Extending Multilingual Speech Synthesis to 100+ Languages without Transcribed Data

Read original: arXiv:2402.18932 - Published 7/17/2024 by Takaaki Saeki, Gary Wang, Nobuyuki Morioka, Isaac Elias, Kyle Kastner, Fadi Biadsy, Andrew Rosenberg, Bhuvana Ramabhadran, Heiga Zen, Franc{c}oise Beaufays and 1 other

Extending Multilingual Speech Synthesis to 100+ Languages without Transcribed Data

Overview

This paper presents a novel framework for extending multilingual speech synthesis to over 100 languages without requiring transcribed data.
The proposed approach leverages multilingual speech data and leverages self-supervised learning to enable speech synthesis in a wide range of languages.
The framework can produce high-quality synthetic speech in low-resource languages, addressing a key challenge in the field of speech synthesis.

Plain English Explanation

The paper describes a new way to generate high-quality synthetic speech in a large number of languages, even if there isn't much data available for those languages.

The key idea is to use meta-learning techniques to train a model that can adapt to new languages quickly, without needing a lot of transcribed speech data.

The model first learns general speech patterns by being exposed to data from many different languages. Then, it can use that knowledge to generate synthetic speech in a new language, even if there's only a small amount of data available for that language.

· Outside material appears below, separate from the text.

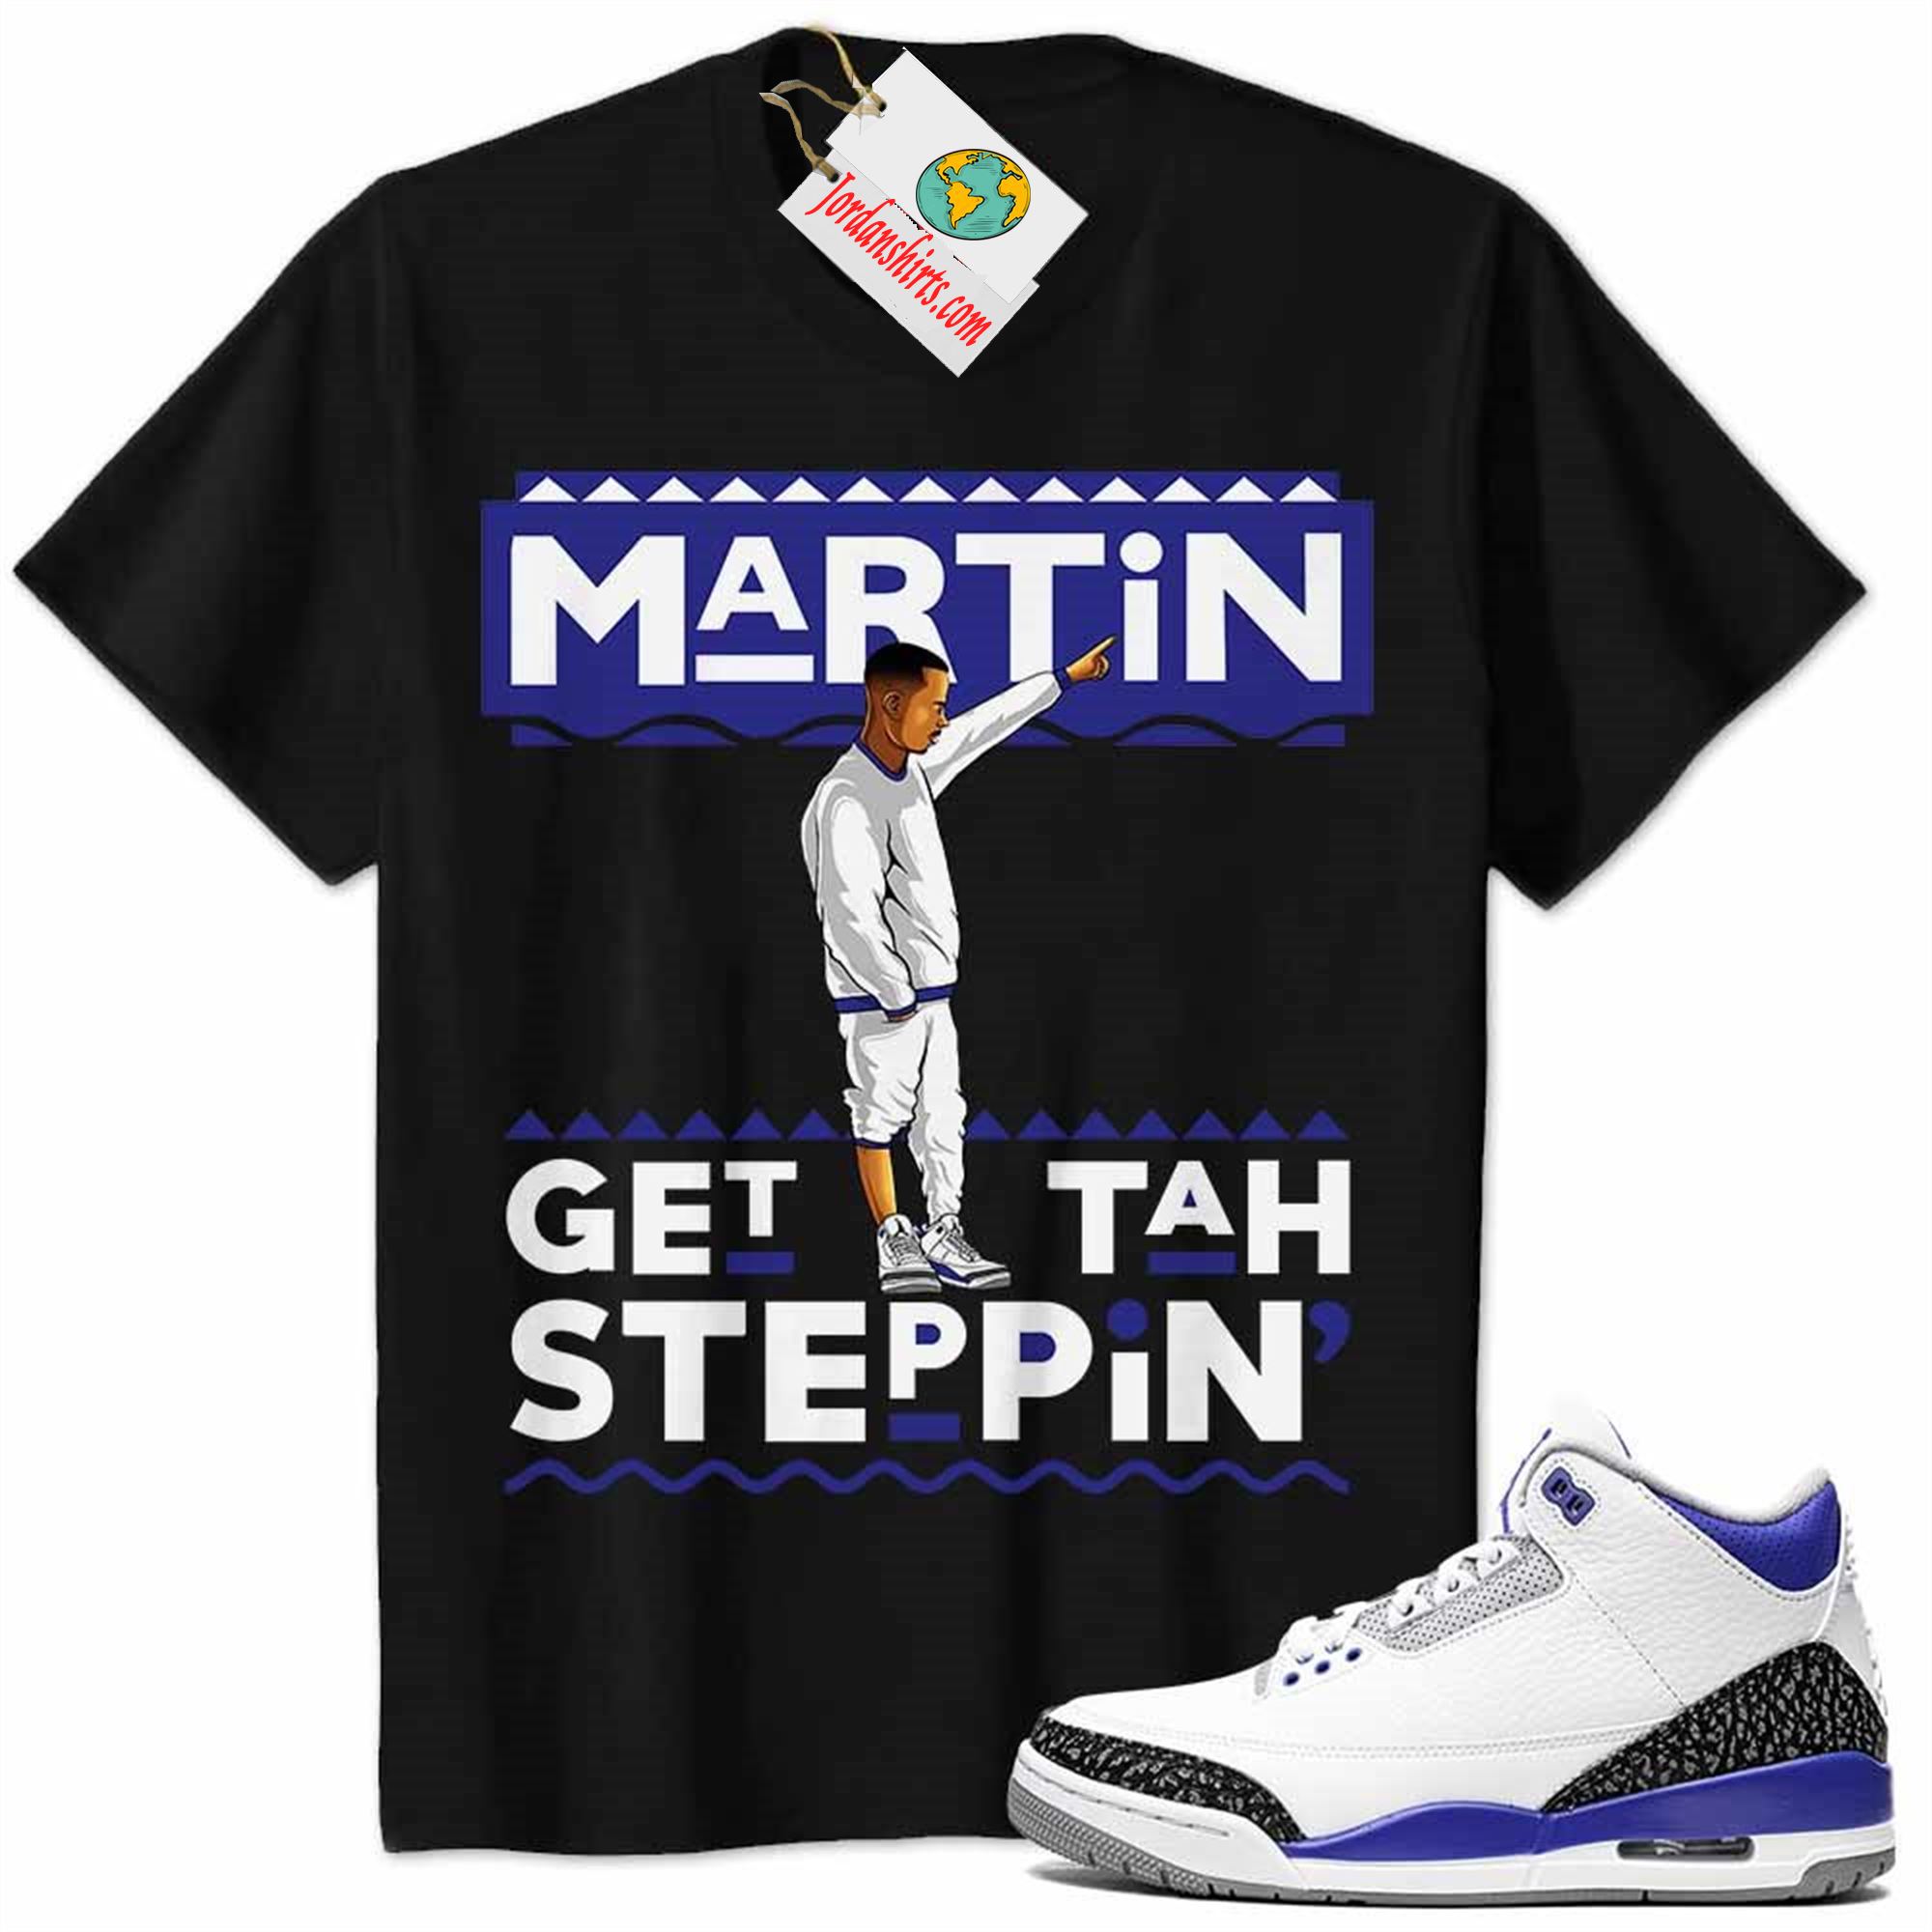 Jordan 3 Shirt, Jordan 3 Racer Blue Shirt Martin Get Tah Steppin Black Size Up To 5xl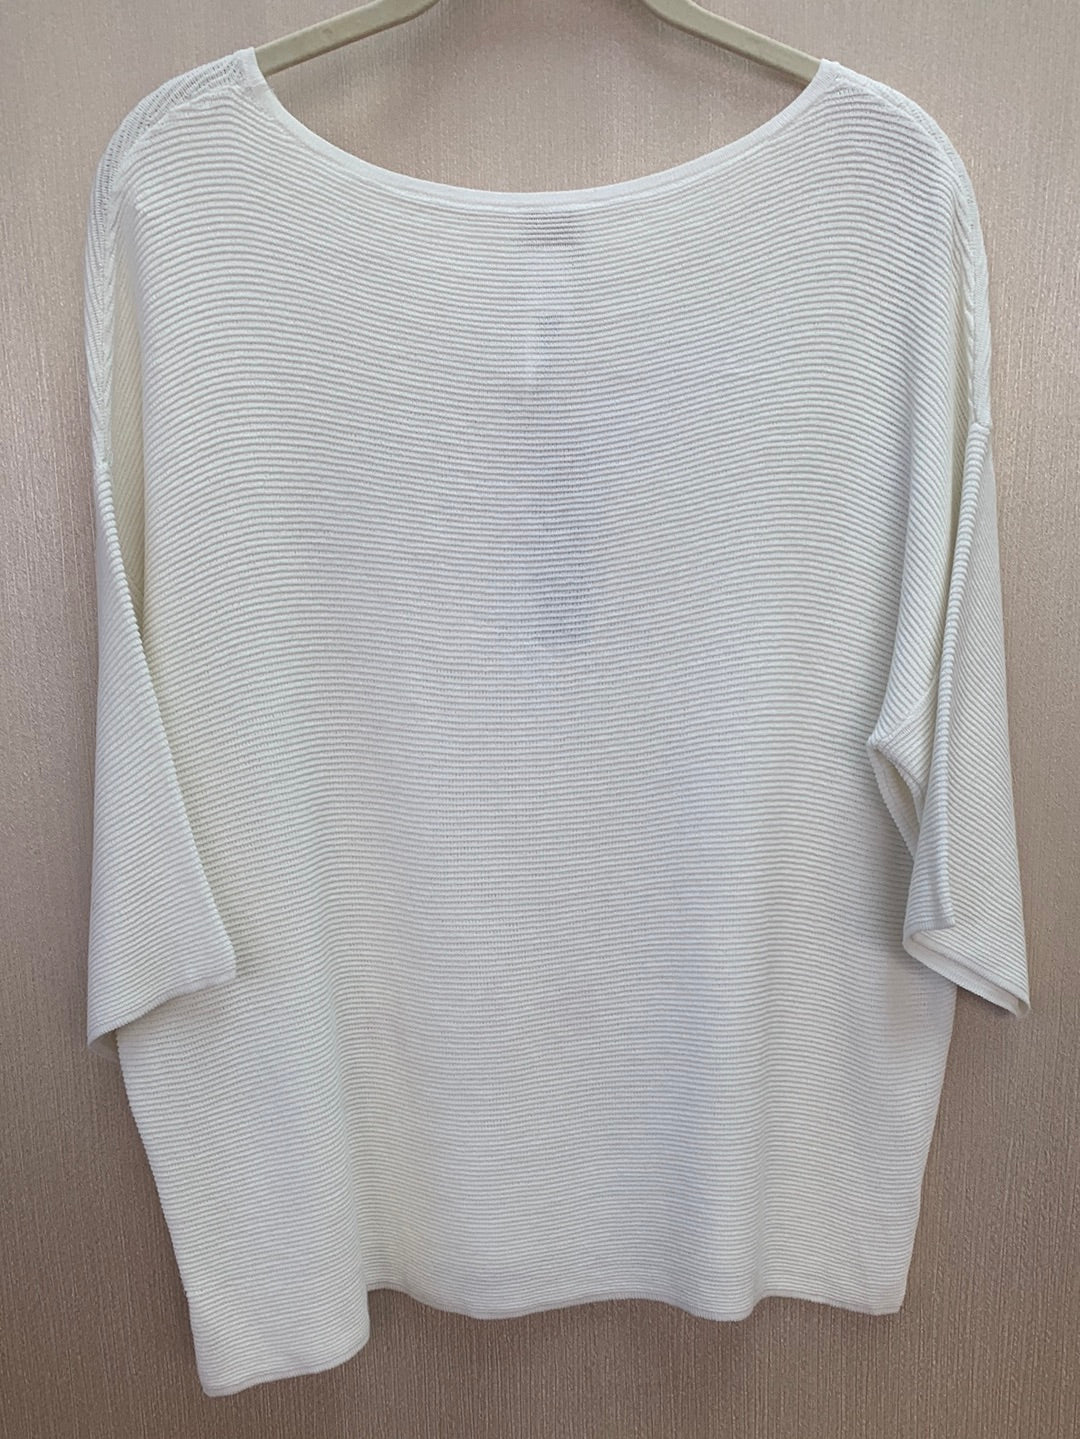 NWT - CHICO'S ecru Side Button Nicolette Pullover Sweater - 1 | 8/10 M

This approach addresses a major limitation in speech synthesis - the need for large, high-quality datasets in each target language. By reducing this data requirement, the framework opens up the possibility of building speech synthesis systems for a much wider range of languages, including low-resource ones.

Technical Explanation

The proposed framework consists of two main components: a multilingual speech encoder and a language-specific speech decoder.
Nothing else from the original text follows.